The I-O Quest

From biologic discovery to translational science, Bristol Myers Squibb’s I-O experts are engaged in a relentless pursuit to discover, develop, and design the next generation of immunotherapies. 

Hunting Promising Targets

The hunt starts by learning as much as possible about the biology of cancer and the human immune system. Nils Lonberg, senior vice president of Oncology Biology Discovery, says three biological mechanisms affect cancer’s ability to evade detection and grow out of control:

1. Cancer cells have mutations that may or may not be expressed. Cancer cells are fickle. They might make neoantigens, proteins on their cell surfaces, that enable immune cells to detect their presence and target them for destruction, or they might not. Not to mention, the total number of mutations varies among cancer types. Childhood leukemias, for example, are driven by a limited set of mutations that can be well controlled with targeted therapies. Most cancers, though, have many mutations that make them hard to target, thus allowing them to grow out of control.  
2. The balance of the body’s inflammatory response is disrupted. In a healthy inflammatory response, immune cells respond to signals by rushing in to deal with a problem, causing inflammation and swelling—like when you cut your finger and it becomes red and swollen. When the threat is over, other signals tell the inflammatory response to end so that the wound can heal. A healthy body maintains a proper balance in both directions of the inflammatory pathways. Tumors, however, are stuck at a particular point in this cycle where inflammatory attenuation signals have shut down a productive T-cell response before the cancer cells have been cleared. 
3. Cancer cells are always mutating. Like bacteria, cancer cells are under tremendous molecular pressure, rapidly dividing and mutating all the time. New mutations can equip cancer cells with other ways to escape attack from immune cells, such as blocking infiltration, masking themselves from detection, or developing resistance to earlier therapies by expressing different surface proteins.
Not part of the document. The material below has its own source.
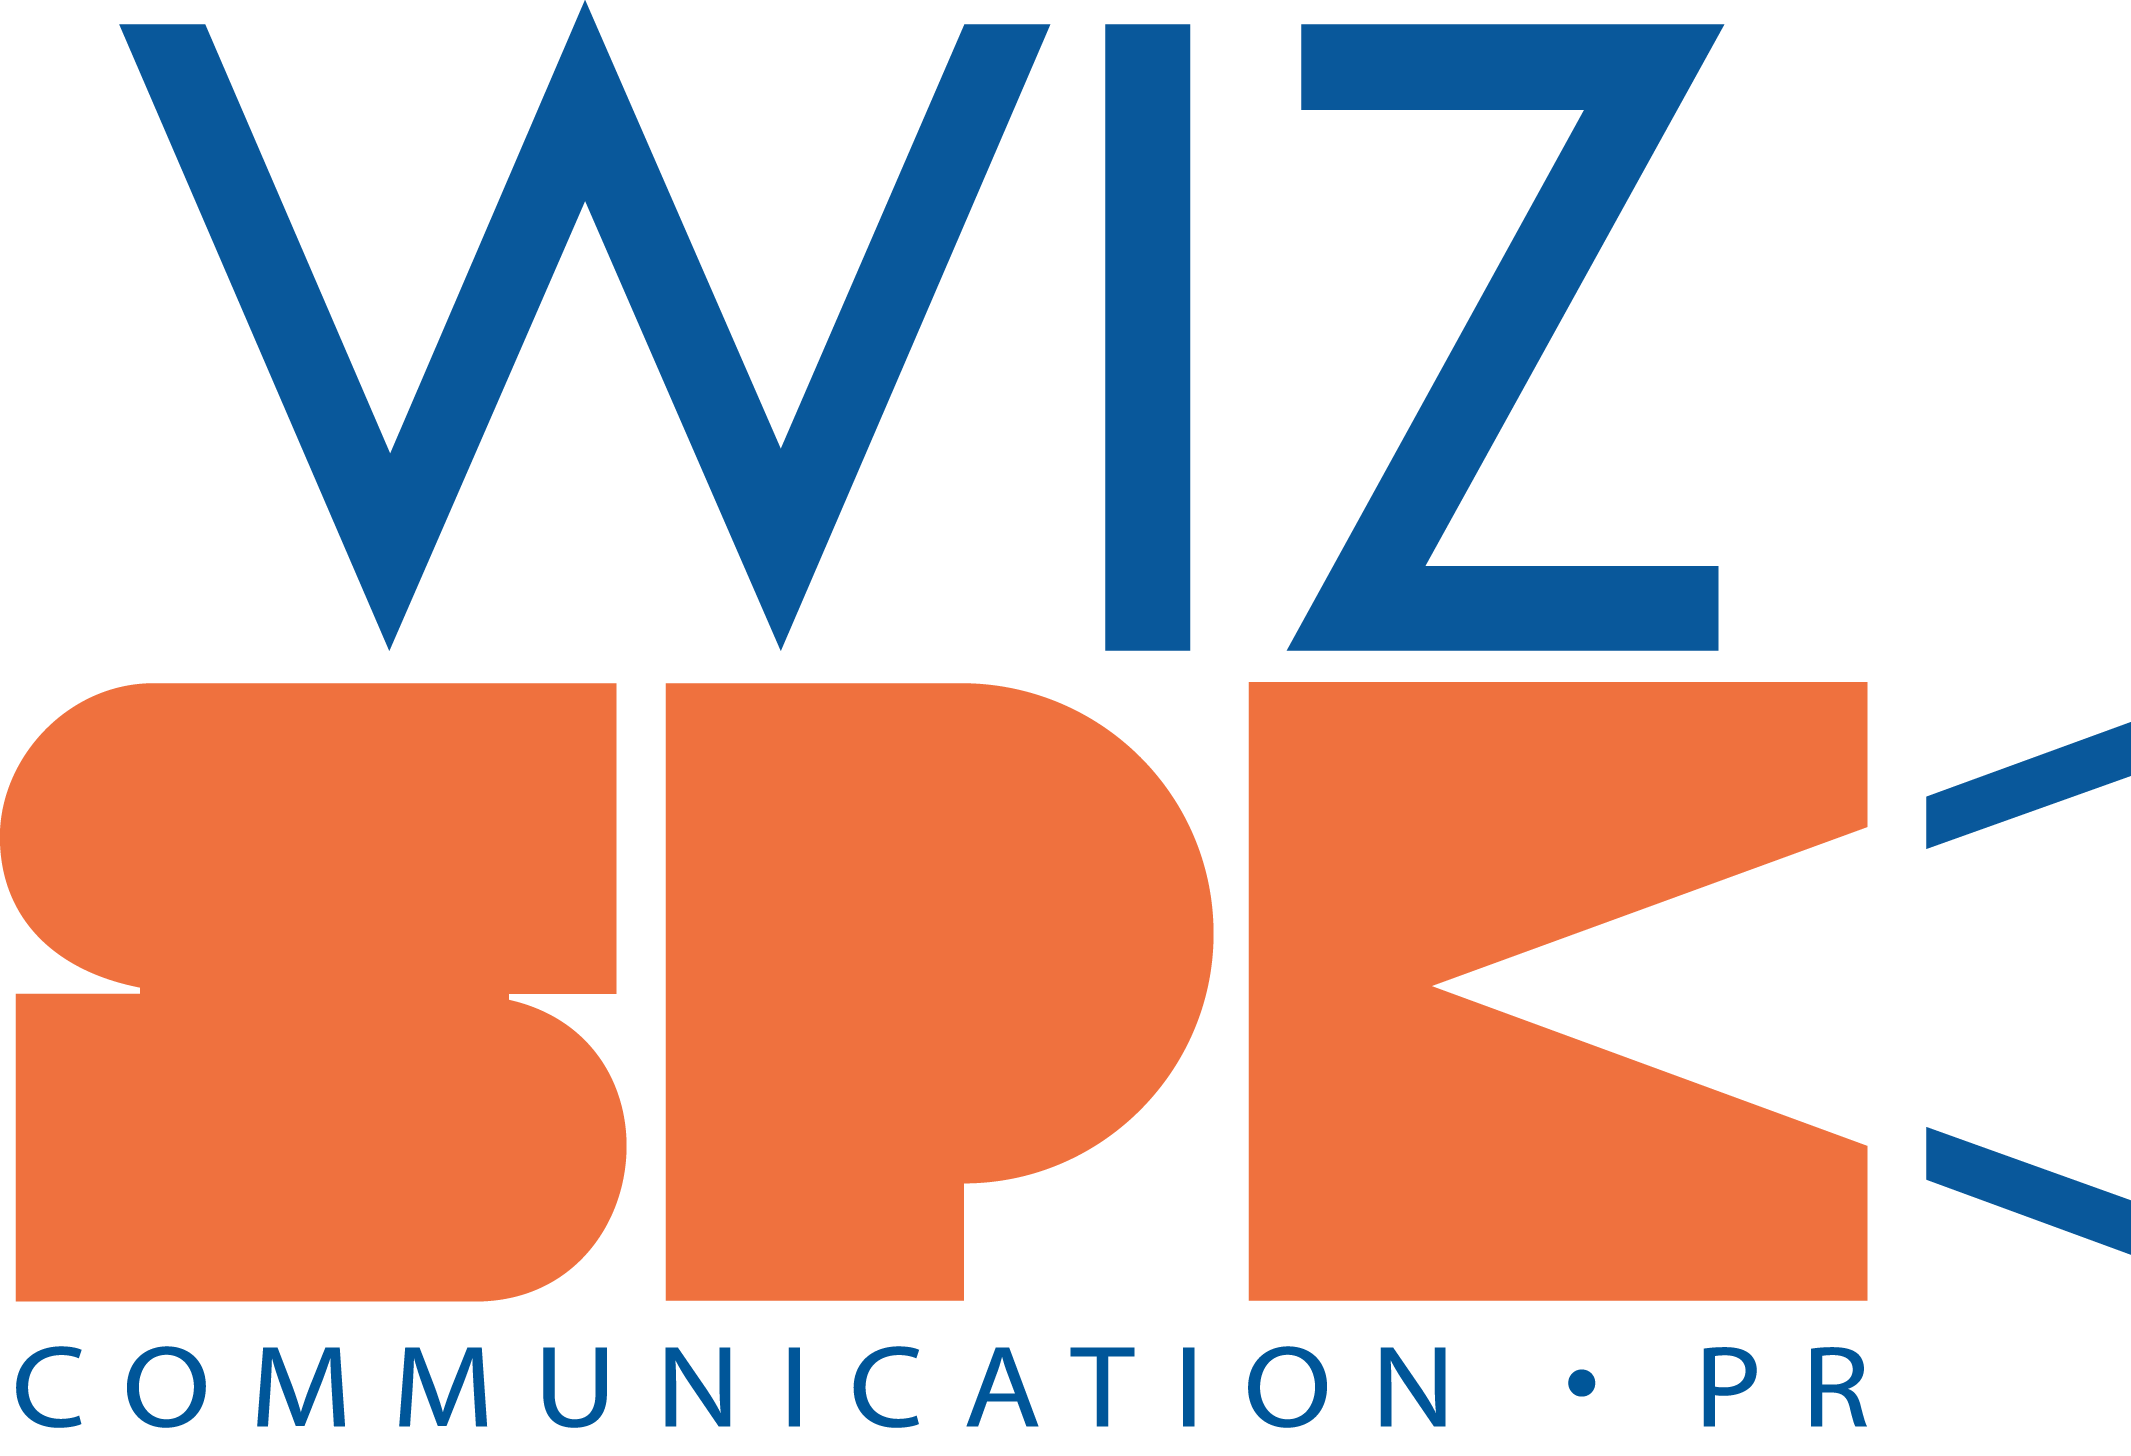 7ea9e2783e Wizspk Communication Competitors, Revenue and Employees - Owler Company  Profile

As a means of identifying the most promising targets to pursue, scientists look for the specific protein receptors on the surfaces of immune cells that are involved with those biological mechanisms. Bristol Myers Squibb is researching dozens of targets at various stages of investigation.

That input-gathering process includes reviewing published literature, scouring The Cancer Genome Atlas—a large public database that has multidimensional diagrams of genomic mutations in 33 types of cancer—and analyzing genomic datasets from patients in clinical trials. “We look for targets that are highly expressed in tumor types that have a higher incidence and a higher medical need,” says Bruce Car, vice president and head of Translational Sciences.

"We are actively engaging commercial partners  who have diagnostic expertise and a global market reach to ensure that we are delivering the best customer experience and bringing the right drugs to the right patients," says Anil Kapur, vice president, I-O Early Assets & Biomarkers Commercialization. Biomarkers can be used to characterize a tumor and the tumor microenvironment, which may inform how a patient might respond to immunotherapy. Companion diagnostics are used to identify patients who will benefit from an available treatment.

Pursuing Next Generation I-O Research

The next generation of I-O research is already underway across the sector. With it has come an exciting shift in approach to investigate combination treatments that may be able to address more than one cancer target at the same time.

“If cancer is like a room that has multiple lights turned on, standard chemotherapy is like breaking all the lights at once to turn them off,” says Steven Averbuch. “Targeted therapy, using a targeted drug to treat a cancer largely driven by a single mutation, is akin to turning off a switch that controls most of the lights in the room. In our current era of immuno-oncology, we are researching a whole bank of light switches that we hope to one day be able to turn off in different sequences and combinations along the patient journey.”

Furthermore, a growing number of industry collaborations with biotech firms and academic research centers will allow Bristol Myers Squibb to leverage new understandings about the nature of cancer, and find new ways to use informatics and other tools to apply data in a way that wasn’t possible in the past.

“We’re getting closer to knowing why some people respond to I-O and others don’t,” Averbuch says. “Our goal is to keep going in hopes that we can potentially turn out the lights on cancer for good.”